Visualizing the hospital locations, in addition to collisions that occurred more than 10 kilometers away from the closest hospital. 

In [14]:
m_6 = folium.Map(location=[40.7, -74], zoom_start=11) 

coverage = gpd.GeoDataFrame(geometry=hospitals.geometry).buffer(10000) # 10km coveraeg buffer
folium.GeoJson(coverage.geometry.to_crs(epsg=4326)).add_to(m_6) # GeoJson for coverage of hospitals
HeatMap(data=outside_range[['LATITUDE', 'LONGITUDE']], radius=9).add_to(m_6) # Heatmap for outside range
folium.LatLngPopup().add_to(m_6) # Popup for latitude and longitude to recommend new hospitals

embed_map(m_6, 'm_6.html')

![Q1](m6.jpg)

**I used the above map to click on the map to see a pop-up with the corresponding location in latitude and longitude, where the heatmap shows the higher density of crashes that occurred more than 10 kilometers away from the closest hospital.**

**Let's say that the city wants to build new hospitals. They want to have a goal of bringing the percentage of collisions that occurred more than 10 kilometers away from the closest hospital to less than ten percent without worrying about what potential buildings would have to be removed in order to build the hospitals. I tried getting it down to 10 percent with recommending only one new hospital, but it was not enough. Hence I decided to recommend **two new hospitals** at two different locations. This brought down the percentage to less than ten percent - **`9.12 percent`**.**

##### I developed the following code with the help of some online resources that takes in the proposed location of two new hospitals and returns the percentage of collisions that occurred more than 10 kilometers away from the closest hospital along with the map showing the proposed locations and their coverage. This code helped me to experiment with different locations without worrying about writing the same code over and over again.

In [15]:
# proposed location of hospital 1
lat_1 = 40.6714
long_1 = -73.8492

# proposed location of hospital 2
lat_2 = 40.6702
long_2 = -73.7612


# function to check if new hospital locations will get the percentage of collisions more than 10km to <10%
def new_hospital(lat_1, long_1, lat_2, long_2):
    new_df = pd.DataFrame(
        {'Latitude': [lat_1, lat_2],
         'Longitude': [long_1, long_2]})
    new_gdf = gpd.GeoDataFrame(new_df, geometry=gpd.points_from_xy(new_df.Longitude, new_df.Latitude))
    new_gdf.crs = {'init' :'epsg:4326'}
    new_gdf = new_gdf.to_crs(epsg=2263)
    # get new percentage
    new_coverage = gpd.GeoDataFrame(geometry=new_gdf.geometry).buffer(10000)
    new_my_union = new_coverage.geometry.unary_union
    new_outside_range = outside_range.loc[~outside_range["geometry"].apply(lambda x: new_my_union.contains(x))]
    new_percentage = round(100*len(new_outside_range)/len(collisions), 2)
    print("(NEW) Percentage of collisions more than 10 km away from the closest hospital: {}%".format(new_percentage))
    # make the map
    m = folium.Map(location=[40.7, -74], zoom_start=11) 
    folium.GeoJson(coverage.geometry.to_crs(epsg=4326)).add_to(m)
    folium.GeoJson(new_coverage.geometry.to_crs(epsg=4326)).add_to(m)
    for idx, row in new_gdf.iterrows():
        Marker([row['Latitude'], row['Longitude']]).add_to(m)
    HeatMap(data=new_outside_range[['LATITUDE', 'LONGITUDE']], radius=9).add_to(m)
    folium.LatLngPopup().add_to(m)
    display(embed_map(m, 'q_6.html'))

# Testing the function new_hospital
new_hospital(lat_1, long_1, lat_2, long_2)

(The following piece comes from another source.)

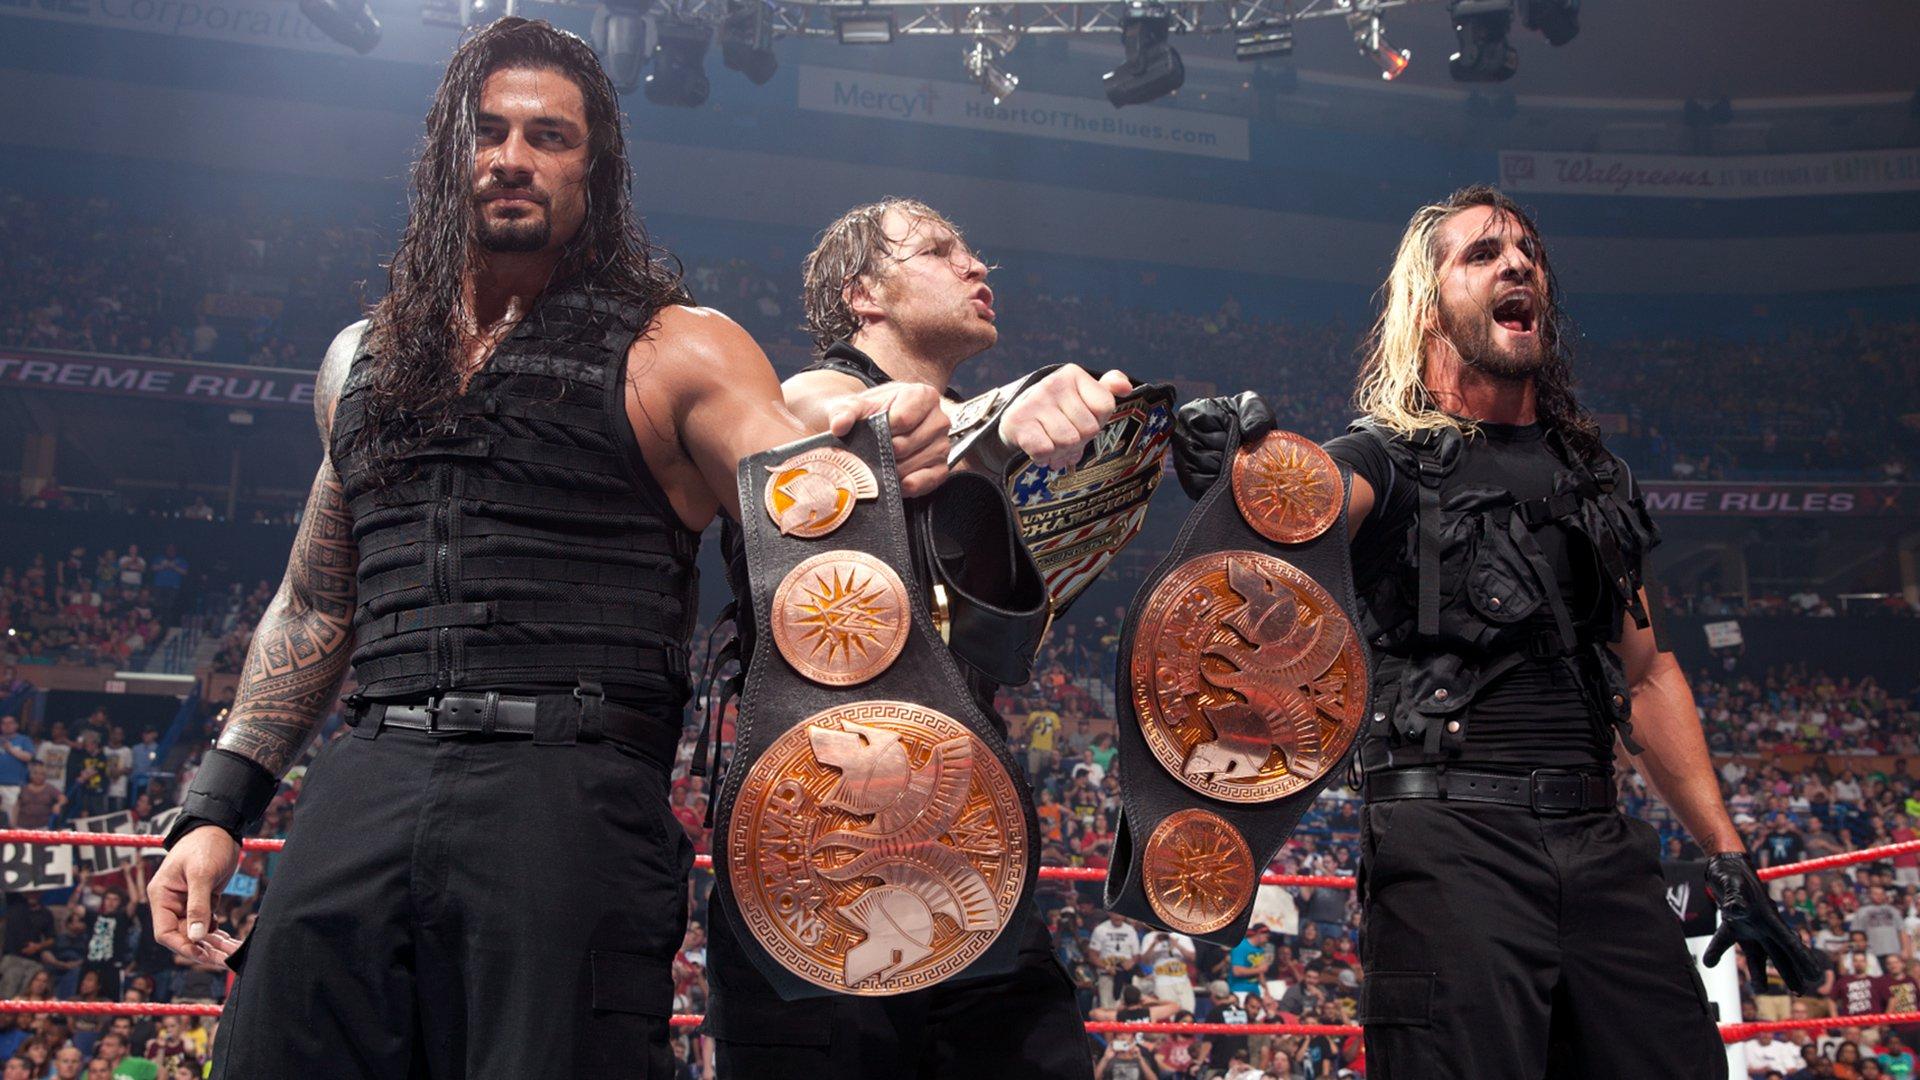 Resultado de imagen para the shield extreme rules 2013

  in_crs_string = _prepare_from_proj_string(in_crs_string)


(NEW) Percentage of collisions more than 10 km away from the closest hospital: 9.12%


![Q1](q6.jpg)

### Proposed Location of New Hospitals:

**`40.6714, -73.8492`** and **`40.6702, -73.7612`**

### By strategically placing two new hospitals at these coordinates, we can significantly enhance emergency response times. This proactive approach aims to reduce the percentage of collisions occurring outside the 10 km coverage of hospitals from 15.12% to a more effective 9.12%. This data-driven analysis, spanning from 2013 to 2018, underscores the potential to save lives by swiftly reaching accident sites.